Each LSE should input the Capital Amortization Period for each long-term investment. The base case value of each long-term investment for each year of the program cycle will be the annual levelized value of that investment, increased by a "dropout factor," to reflect customer dropout rates. A sensitivity analysis will be performed which sets the Capital Amortization Period equal to the length of the program cycle (usually three years) for which the cost-effectiveness analysis is being performed, as a high value, and uses the annual levelized value of the investment before the dropout factor (i.e., assuming no dropouts), as a low value. Energy Division will determine a default dropout factor, but LSEs may substitute an alternate dropout factor for any particular DR program, if there is enough program history to determine a more accurate value. LSEs should provide documentation for any alternate value submitted.

The exact Load Impacts which should be used for each program are defined above in Section 1B. A sensitivity analysis will be performed using the 10th and 90th percentile values as low and high values.

Sensitivity analysis of the adjustment factors is required only for the A factor (discussed in Section 3C, below). LSEs should input the results of their A factor analysis, which will be used as the base case value.

Where it is not possible to approximate an uncertain cost or benefit, qualitative analysis of that cost or benefit relevant to a specific DR program should be provided by the LSE or by any party commenting on the analysis. Qualitative analysis is a descriptive analysis of the possible magnitude and impact of that cost or benefit. It may also include a description of any variation based on location, customer class, or any other significant factor. In addition, the qualitative analysis may reference relevant research, or propose future research.

The purpose of this qualitative analysis is not to make vague speculations about the nature of those inputs, but to actually compare DR programs to each other in those instances in which a particular DR program clearly has a different amount of a particular cost or benefit, even if that amount cannot be precisely (or even imprecisely) quantified. For example, parties have occasionally questioned the environmental benefits of DR because of the possibility that some DR customers are using diesel backup generators during DR events. If a particular DR program does not allow customers to use those generators during events, that program provides a clear environmental benefit which would not be provided by a program which allows the use of backup generators. Another example would be two programs that target different customer classes, but are otherwise the same. In this case, the customer costs and benefits will mostly be difficult to quantify, but could more easily be discussed qualitatively, allowing all parties to better understand the relative merits of the two programs.

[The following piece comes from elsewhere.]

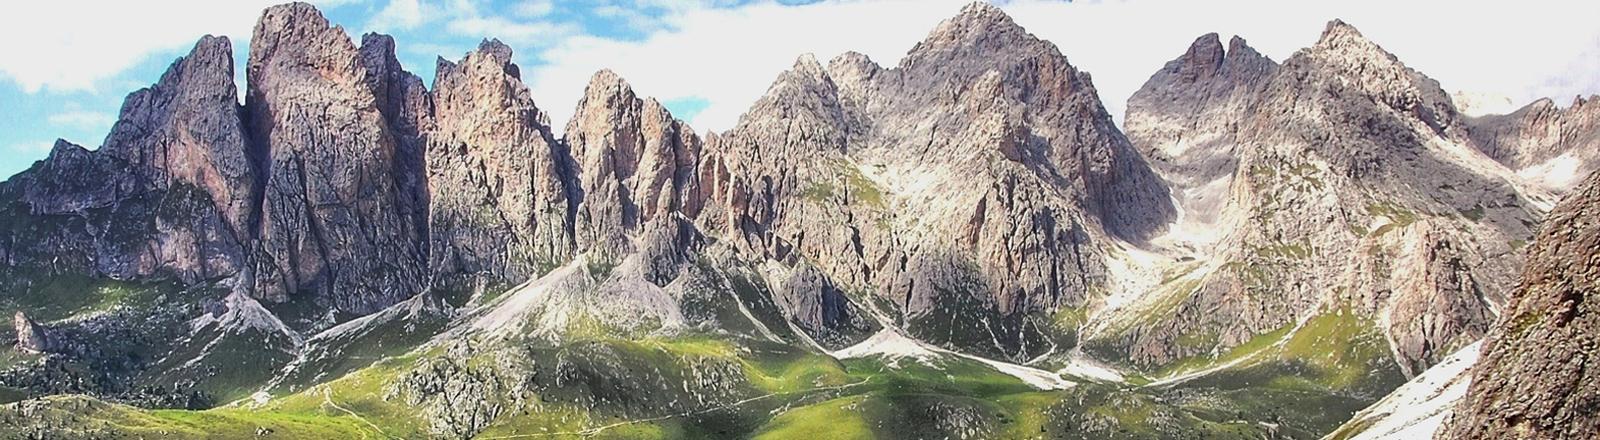 Dolomiten-Bergpanorama

For each of the optional inputs listed in Section 1.B, LSEs may make an attempt to estimate a value for each DR program. This should be accompanied by an explanation of how the value was derived. If a value cannot be estimated, the LSE shall provide a qualitative analysis, or an explanation of why it is not possible to describe the possible magnitude and impact of that cost or benefit. Other parties are encouraged to provide relevant information about any of the optional inputs.

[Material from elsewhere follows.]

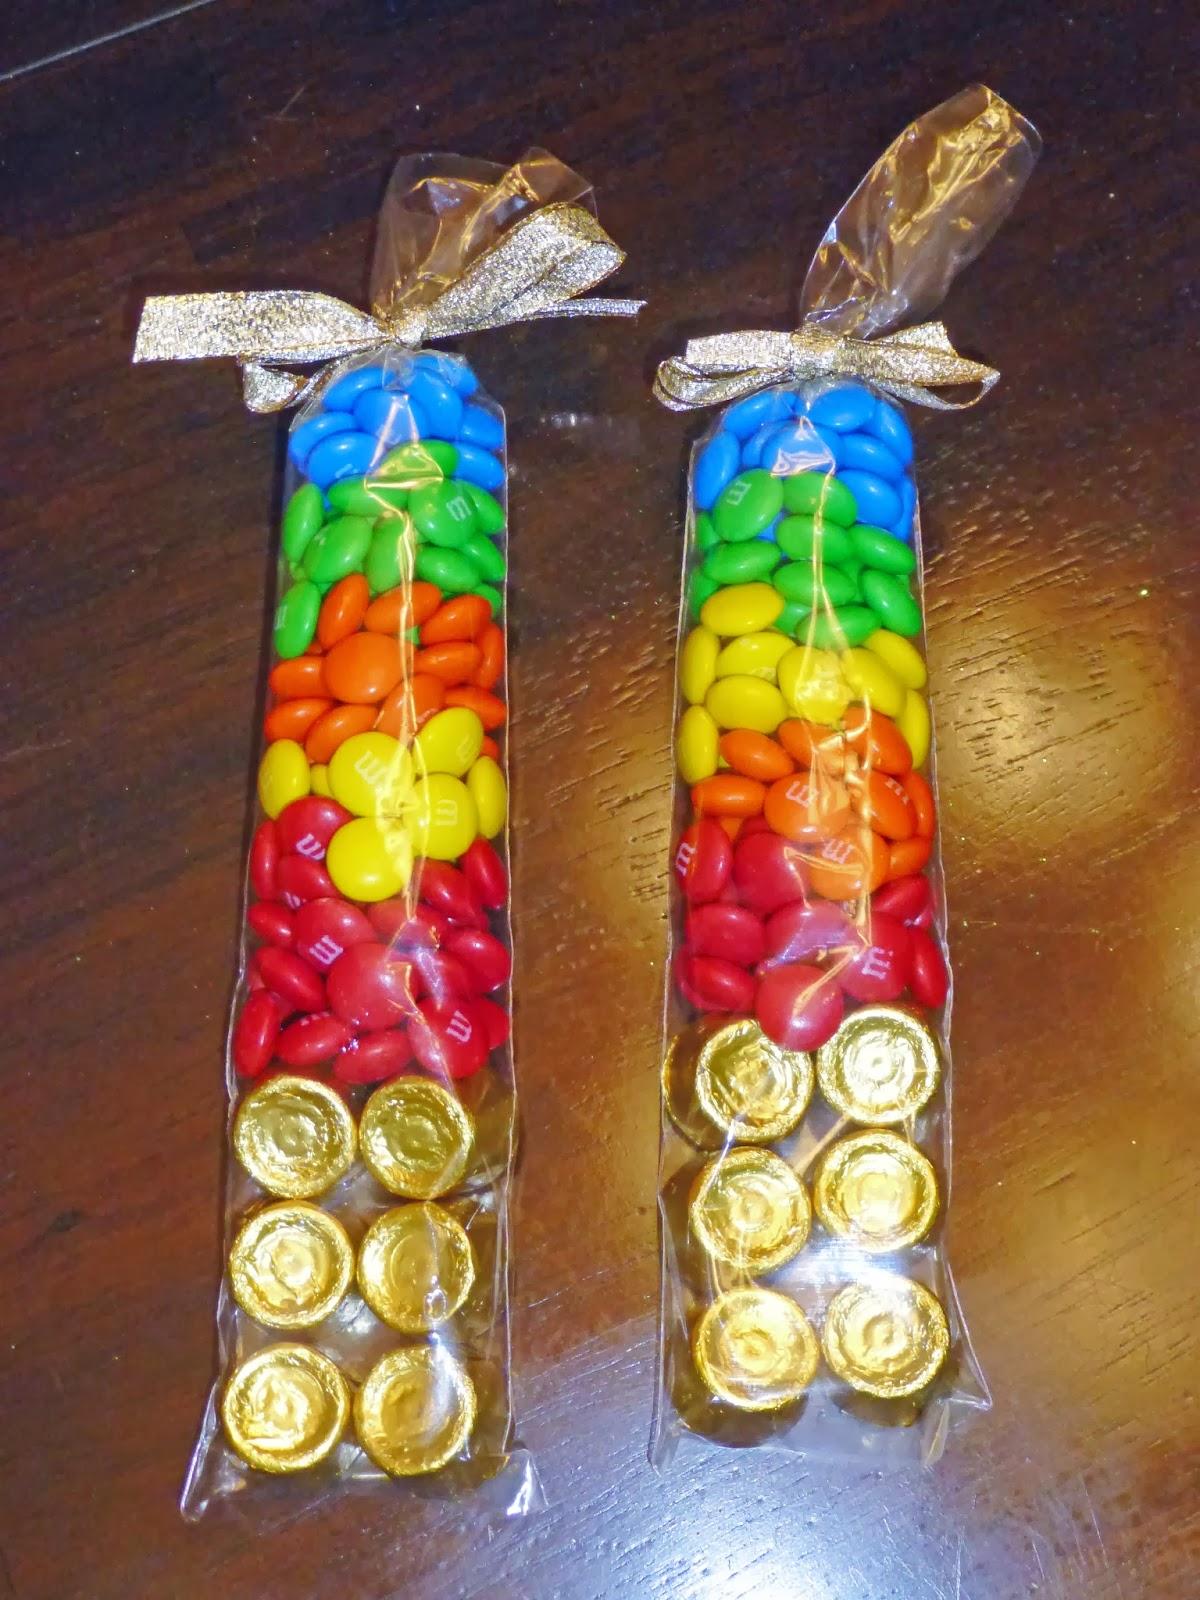 St. Patrick's Candy

Section 1.G: Portfolio Analysis

In addition to providing cost-effectiveness analysis of each DR program, LSEs will also provide cost-effectiveness analysis of their entire DR portfolio. This should be done for each SPM test by aggregating all DR programs, and adding additional relevant costs and benefits, while correcting for any possible double-counting due to dual participation or other factors. This portfolio analysis shall include any marketing, IT, administrative, equipment or other costs associated with the LSE's portfolio of DR programs. It should also include costs associated with broader activities, including the Technical Assistance10 program and marketing programs such as the Statewide Marketing Campaign, which promote DR in a general rather than any one specific DR program. It does not have to include the costs associated with "pilot" programs, which are done for experimental or research purposes, as the benefits of these programs are generally substantial, but usually impossible to forecast. However, if an LSE is able to quantify both the costs and benefits of any particular pilot program, it should include that program's costs and benefits in its portfolio analysis.

Section 2:

Using the Standard Practice Manual Tests to Determine DR Cost-Effectiveness

This section describes the modified SPM tests that shall be used to determine DR cost-effectiveness. These four test each reflect a different perspective. While other proceedings have expressed a preference for one or the other of these four tests, these protocols do not do so. Each of these perspectives are significant, although the significance of each may vary for different DR programs or proceedings. The output of each test is based on the net present value of the costs and benefits, discounted over the lifetime of the relevant Demand Response resource. Hence, the costs and benefits listed below are not simply added together to produce the SPM outputs. Rather, the costs and benefits should be calculated using the DR Reporting Template and Avoided Cost Calculator, using the given discount rate and the net present values, by filling out the appropriate cells of the spreadsheets. The paragraphs below provide generalized and simplified descriptions of those calculations.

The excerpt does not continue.